よって、嚥下機能が落ちている患者にはリリカが適しています。
【リリカ・タリージェの違い④ ~薬価~】
適応のところでお話したように、タリージェは新薬であるためまだ薬価が高い薬剤です。
それと比較して、リリカはすでに後発医薬品(ジェネリック医薬品)が発売されているため、より薬価も安くなっています。
通常成人の維持用量まで使っている場合だと、1ヶ月あたり約5500円の差があります。
よって、医療経済的なコストパフォーマンスはリリカのほうがよい、ということになります。先発同士の比較だと大きな差はありません。
【リリカ・タリージェに共通する注意事項】
<効果発現の用量>
以下は、リリカの臨床試験結果から抜粋しています。
全用量で1週目から疼痛改善効果がみられていますが、初期用量の継続だと、2週目までしか効果がみられていません。
それと比べて、維持用量の300mg以上に増量した群だと、全期間を通しての疼痛改善効果がみられます。
このことから、認容性のある患者に対しては「しっかり維持用量まで増量」することが重要だと考えられます。
<副作用>
①
興奮性神経伝達物質の放出抑制を作用機序とするため、傾眠やめまいといった副作用が起きやすいです。
その他にも体重増加や、視覚異常などの副作用があることにもあらかじめ伝えておく必要があります。
②
これら2剤の投与を開始する場合には、少なくとも1週間以上かけて徐々に増量する必要があります。これは、飲み始めに先述したような副作用が出やすいためです。
ただ、めまいや傾眠といった副作用は3日~7日ほどで耐性が形成されると言われているので、あらかじめ患者には副作用の可能性と自己中断のリスクについては注意喚起が必要です。
③
同様に、中止をする際にも1週間以上かけて徐々に減量する必要があります。

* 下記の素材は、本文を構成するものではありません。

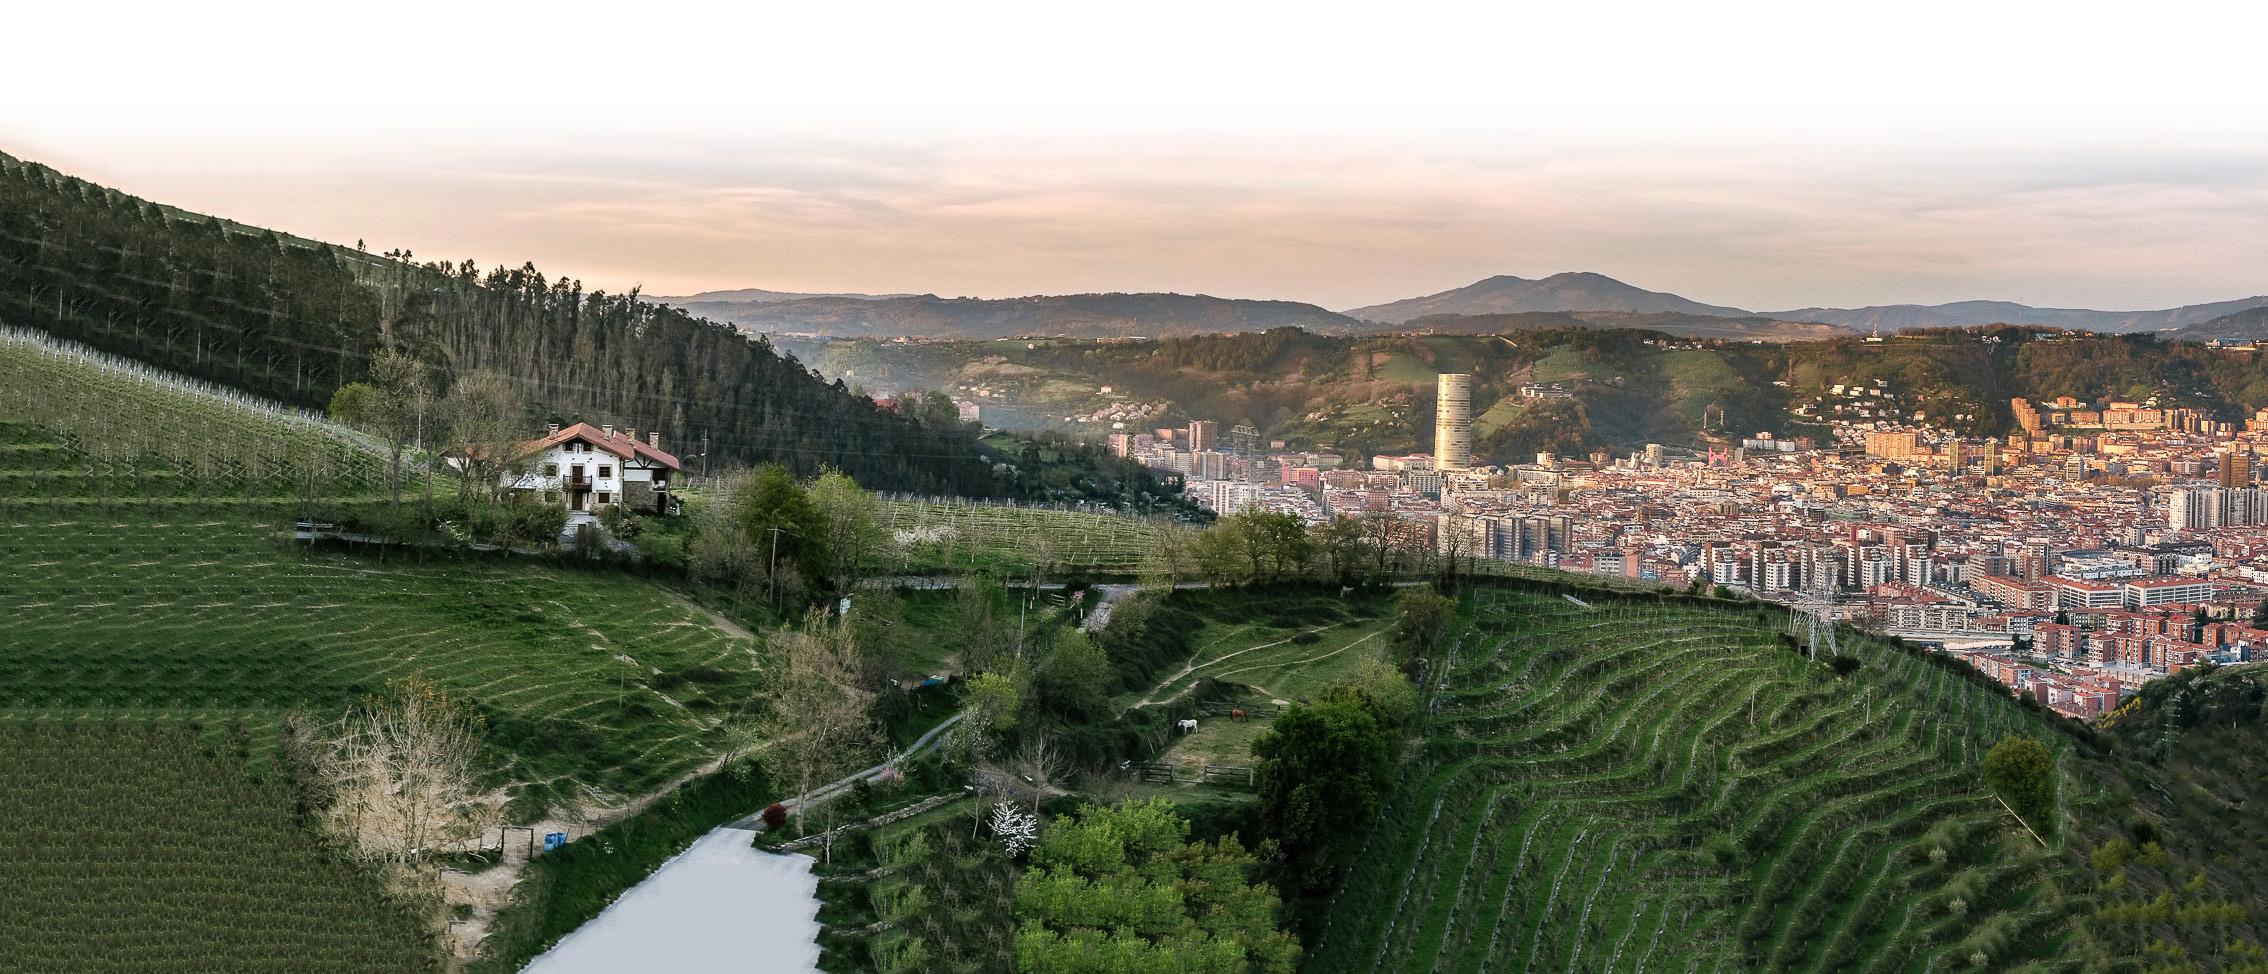 Txakoli Bilbao Munetaberri paisaje ciudad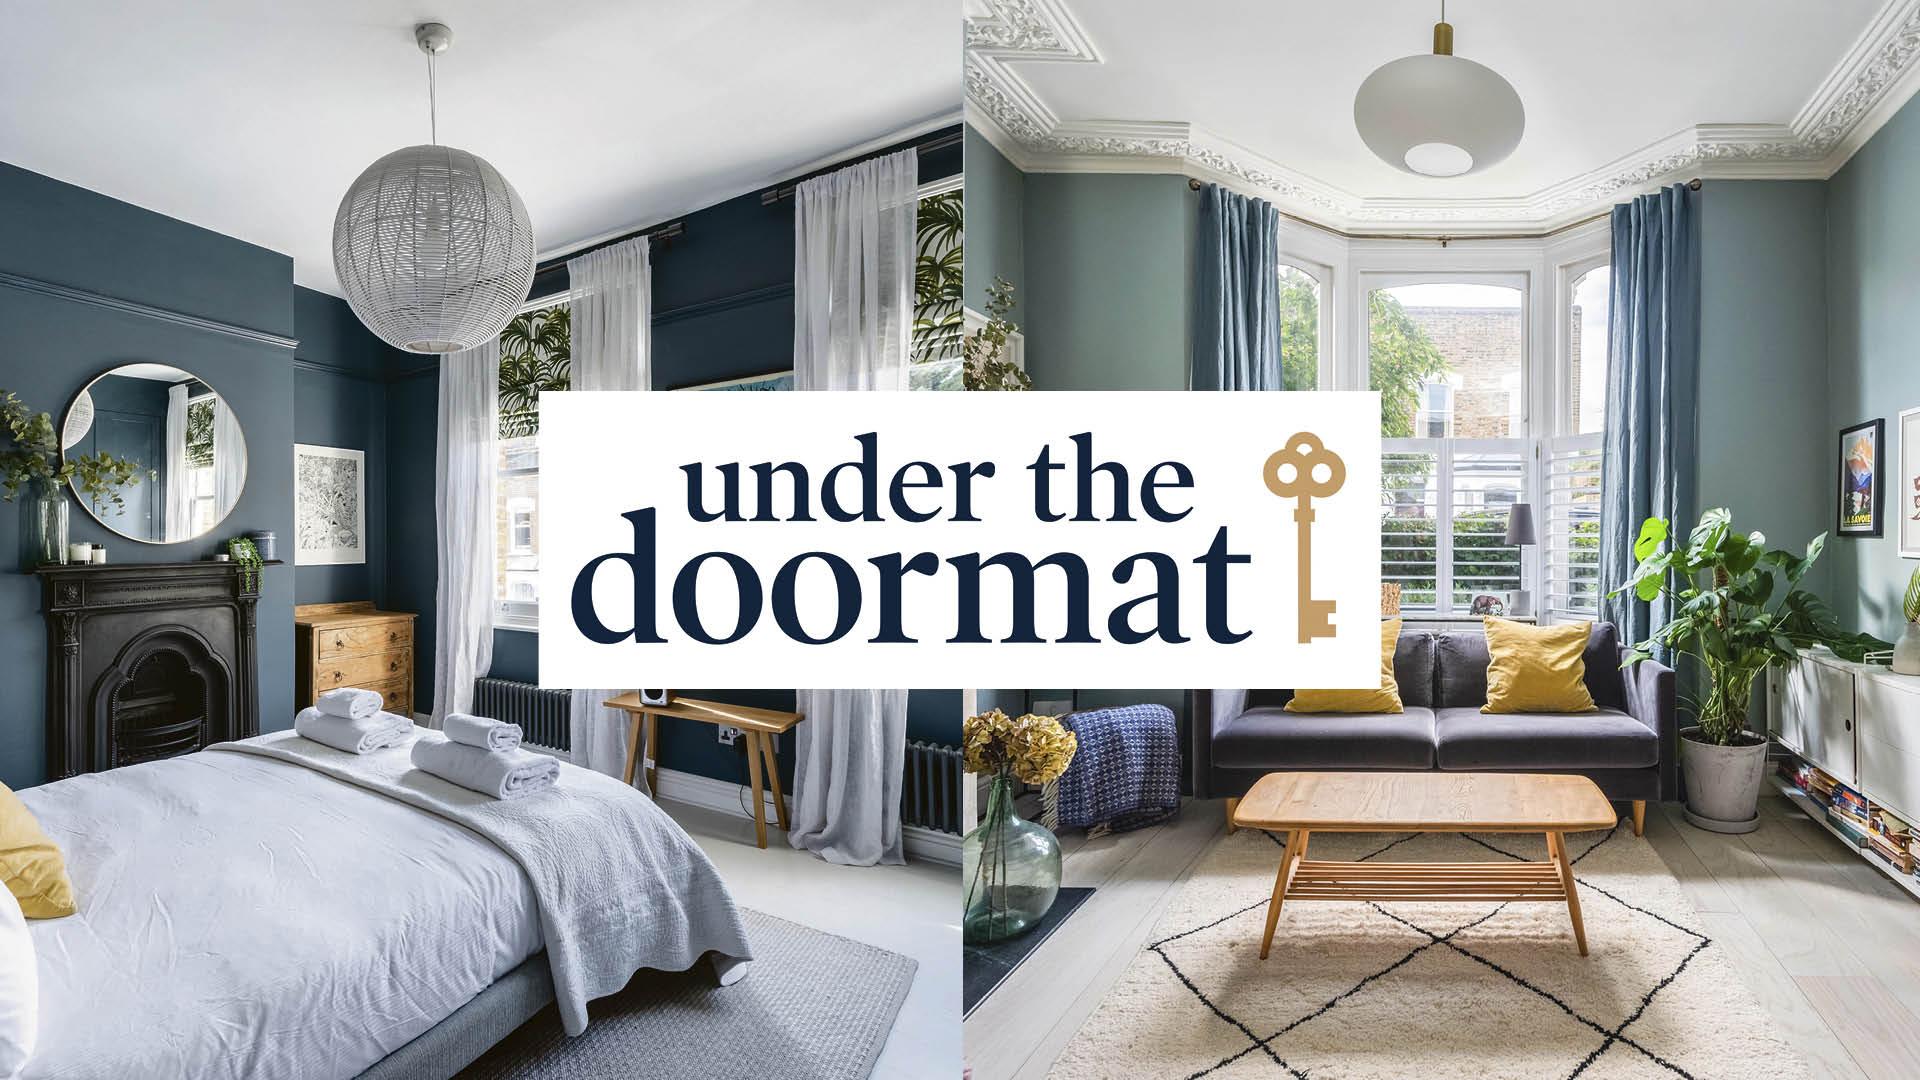 Win a luxury two-night homestay in London Worth £400!

これは、今まで抑制されていた興奮性神経伝達物質が過剰分泌されることで、離脱症状が現れる可能性があるためといわれています。
④
また、これら2剤は腎機能が低下している患者への投与に注意をする必要がある薬剤になります。
主に未変化体が尿中に排泄されるため、腎機能低下患者では血漿中濃度が高くなり、副作用が発現しやすくなる恐れがあります。
これに関してはクレアチニン・クリアランス値に応じた用量設定がされているため、それに応じた投与設計をする必要があります。
2剤とも透析患者でも使用可能です。ただし、リリカは透析除去率が50%を超えているため、定時の内服に加えて、透析後の補充投与が必要になりますので注意が必要です。